Yes. An open surface is either a finitely punctured surface or one has infinitely generated homology groups. A very light sketch is to pick an exhaustion by compact connected submanifolds; at each stage you're either gluing on cylinders, capping off boundary components with discs (or in the nonorientable case Mobius bands), or increasing the genus. If your homology is finitely generated, then your genus is finite, so eventually you're only adding on punctured spheres or capping off components; then show that adding punctured spheres without capping stuff off increases the rank of the homology, bounding the number of ends you can have.

A more precise argument in the case of $\pi_1 = 0$ is given here. You can modify the argument for the case of finitely-generated $H_1(\Sigma;\Bbb Z/2)$.

There is a classification of open surfaces following similar ideas: they are classified by their genus, whether or not they're orientable, and some data about precisely how they're noncompact: their space of ends, their space of non-orientable ends, and their space of ends with genus.
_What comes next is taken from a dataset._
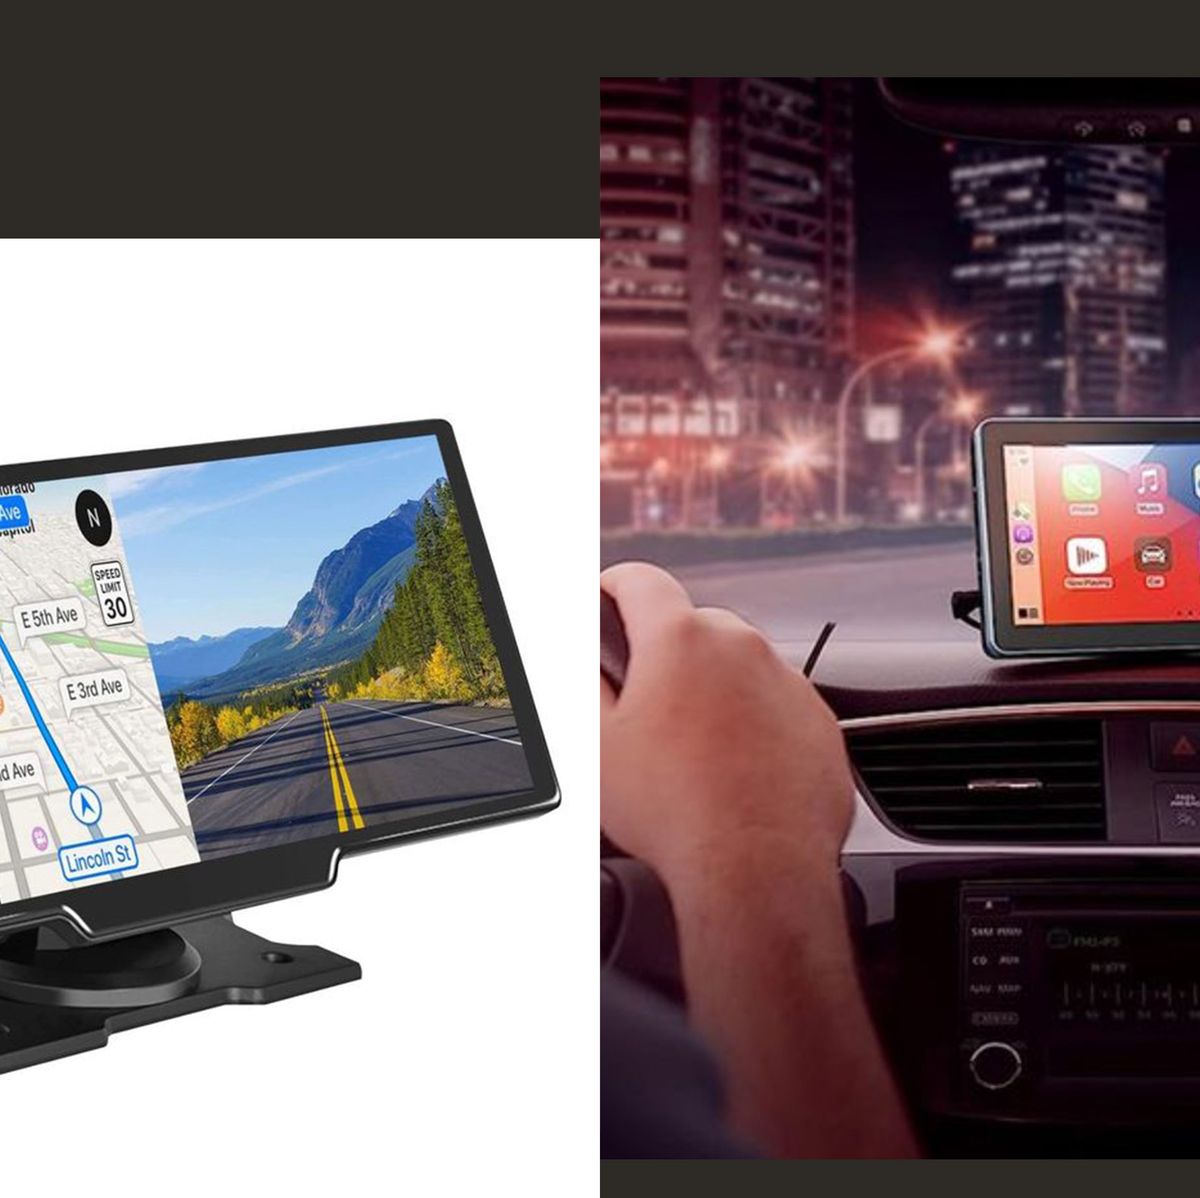 Best Apple CarPlay Head Unit for 2024 - Autoweek

If the fundamental group is finitely generated, it can't have any non-orientable ends or ends with genus; these contribute an infinitely generated summand to first homology. (This is why it's nice to work with homology instead of fundamental groups: Having an infinitely generated subgroup is ok, but not if you're abelian!)

At this point, we know that our surface is of finite genus, but it still might have a complicated space of ends (each end being genus zero). Each end contributes to homology: a manifold with at least $n$ ends has homology of rank at least $n-1$. So you had better have finitely many. Thus, you're a finitely punctured closed surface.